Currently, all the tasks in my DAG are running successfully. I want to receive notification in that case.
Also when certain tasks are failing or retrying, I want to get those notifications as well. I did the following steps and didn't receive any notification when I forced a task to fail.
Created GCP Composer environment, added environment variables.
SENDGRID_MAIL_FROM : abc#gmail.com
SENDGRID_API_KEY :
Created following DAG.
import json
from datetime import timedelta, datetime
from airflow import DAG
from airflow.contrib.operators.bigquery_operator import BigQueryOperator
from airflow.contrib.operators.bigquery_check_operator import BigQueryCheckOperator
from airflow.operators.email_operator import EmailOperator
default_args = {
'owner': 'airflow',
'depends_on_past': True,
'start_date': datetime(2020, 3, 30),
'email': ['abc#gmail.com'],
'email_on_failure': True,
'email_on_retry': True,
'retries': 2,
'retry_delay': timedelta(minutes=5),
}
schedule_interval = "05 23 * * *"
dag = DAG(
'DAG_NAME',
default_args=default_args,
schedule_interval=schedule_interval
)
# Config variables
BQ_CONN_ID = ""
BQ_PROJECT = ""
BQ_DATASET = ""
## Task 1
t1 = BigQueryCheckOperator(----)
## Task 2
t2 = BigQueryCheckOperator(----)
## Task 3
t3 = BigQueryOperator(----)
t4 = EmailOperator(
task_id='send_email',
to='abc#gmail.com',
subject='Airflow Alert',
html_content=""" <h3>Email Test</h3> """,
dag=dag
)
# Setting up Dependencies
t1>>t2>>t3>>t4
Am I missing anything?
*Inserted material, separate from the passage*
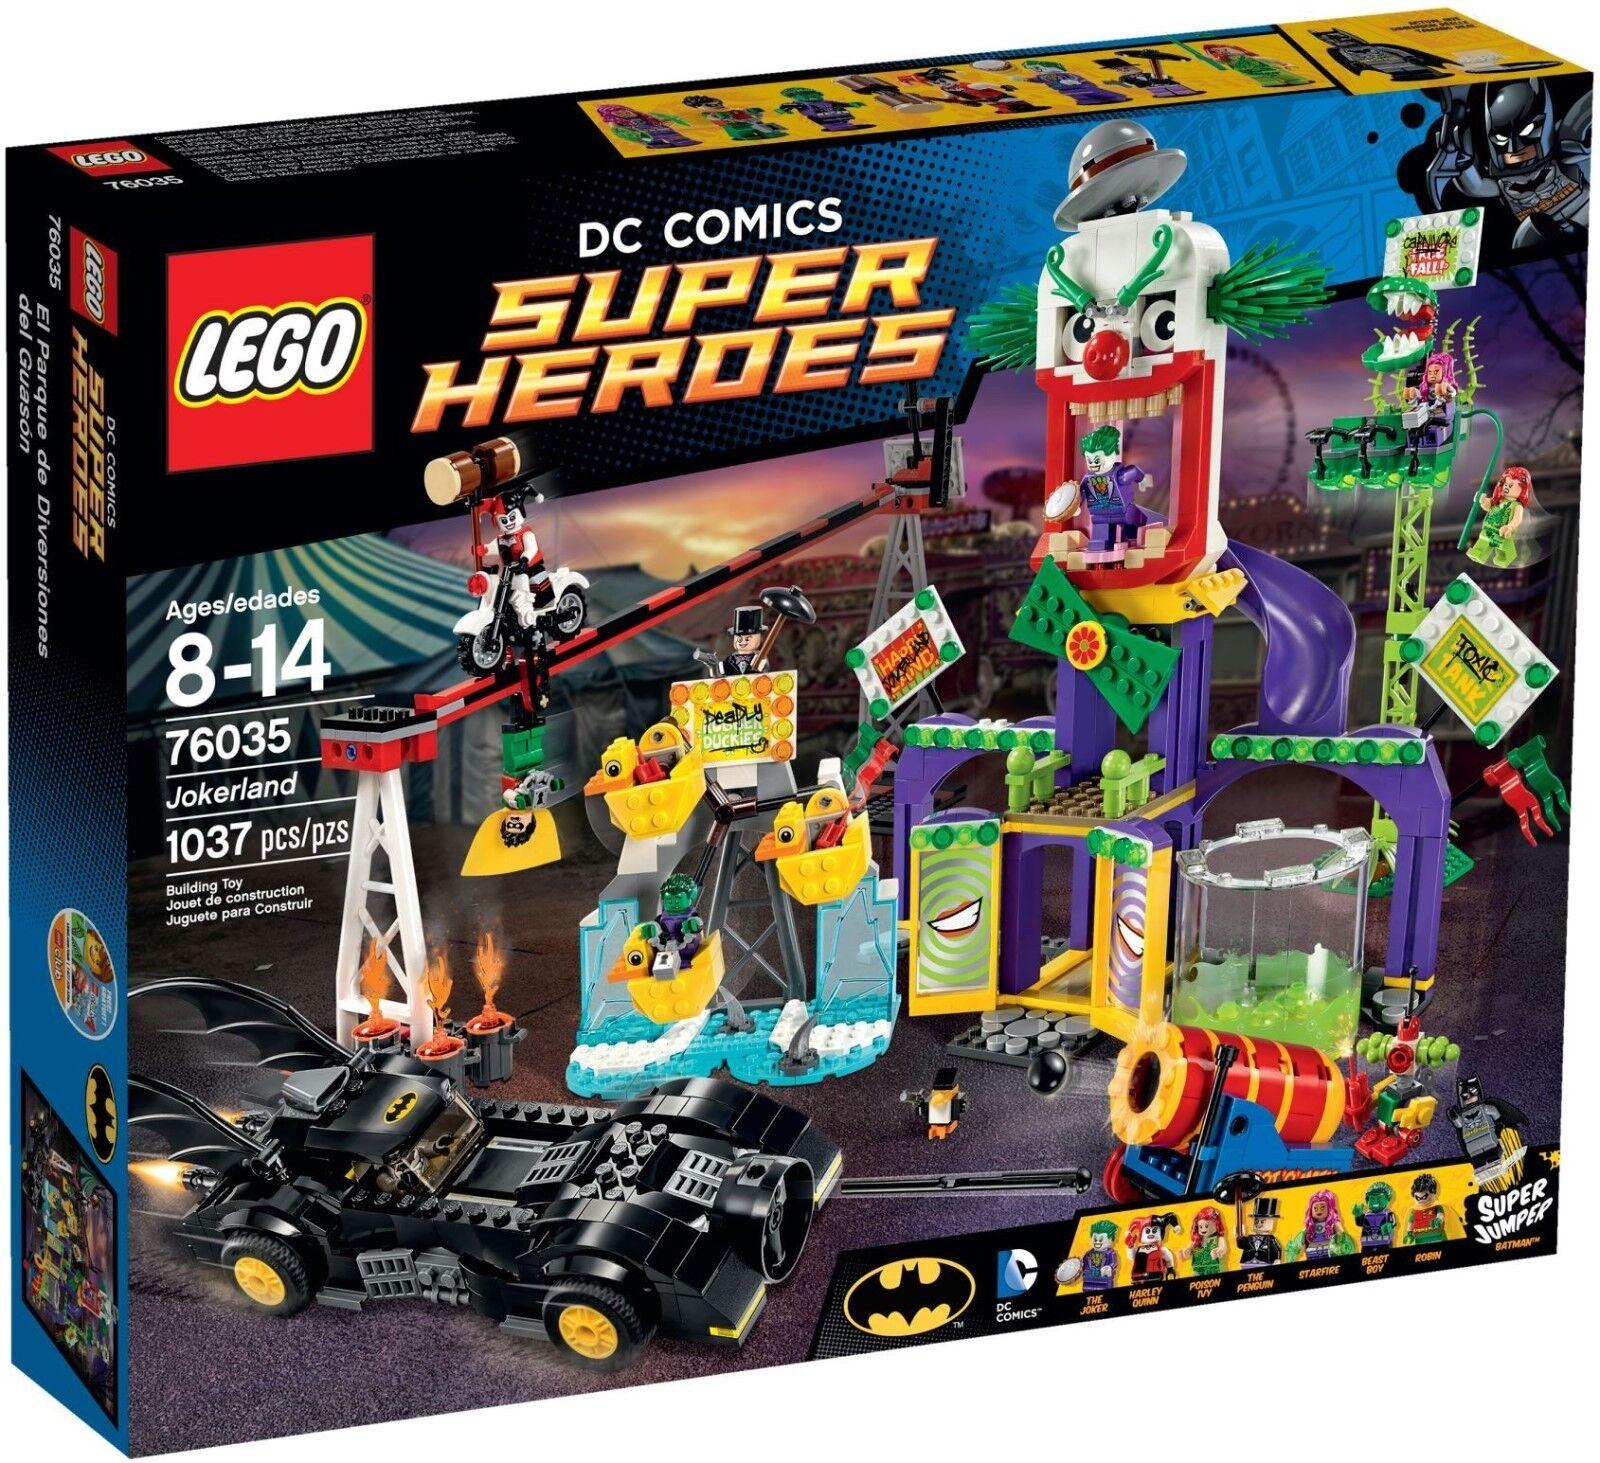 LEGO® 76035 Joker Land Batman Robin Batmobil Neu & OVP Serie 76034 76036 76038

Please tell me what needs to be done, thanks.
Firstly, you need to check which versions of Composer and Sendgrid you are using.
For instance, the latest version of Sendgrid supported on airflow-1.10.3 is v5.6.0. You can refer to the the airflow's setup.py for what dependencies are installed for a specific airflow version.
I recommend you to check the instructions for setting up Sendgrid with Cloud Composer once again. Make sure of a few things:
You set up the environment variables as the guide says, to configure Sendgrid as your email server, you need to obtain your SENDGRID_API_KEY (have you generate it with right permission? At a minimum, the key must have Mail send permissions to send email) and SENDGRID_MAIL_FROM(is the structure correct? noreply-composer#) as environment variables.
In your airflow.cfg file, check if email_backend variable is set to use Sendgrid:
email_backend = airflow.contrib.utils.sendgrid.send_email
Try sending a test DAG, as the guide says, for example you can use this:
from airflow import DAG
from airflow.operators.email_operator import EmailOperator
from airflow.operators.bash_operator import BashOperator
from airflow.utils.dates import days_ago
default_args = {
'owner': 'name.surname',
'start_date': days_ago(1),
'email_on_failure': True,
'email': ['name.surname#company.com'],
}
dag = DAG(
'mail-test',
schedule_interval='#once',
default_args=default_args,
)
send_mail = EmailOperator(
task_id='sendmail',
to='name.surname#company.com',
subject='TEST Mail from Cloud Composer',
html_content='Mail Contents',
dag=dag,
)
failed_bash = BashOperator(
task_id='run_bash',
bash_command='exit 1',
dag=dag,
)
send_mail >> failed_bash
Additionally, please check the spam filter in your email client. If that continues to fail, I'd then start suspecting a firewall rule (if you have edited them) may be causing the issue.
Let me know about the results. I hope it helps.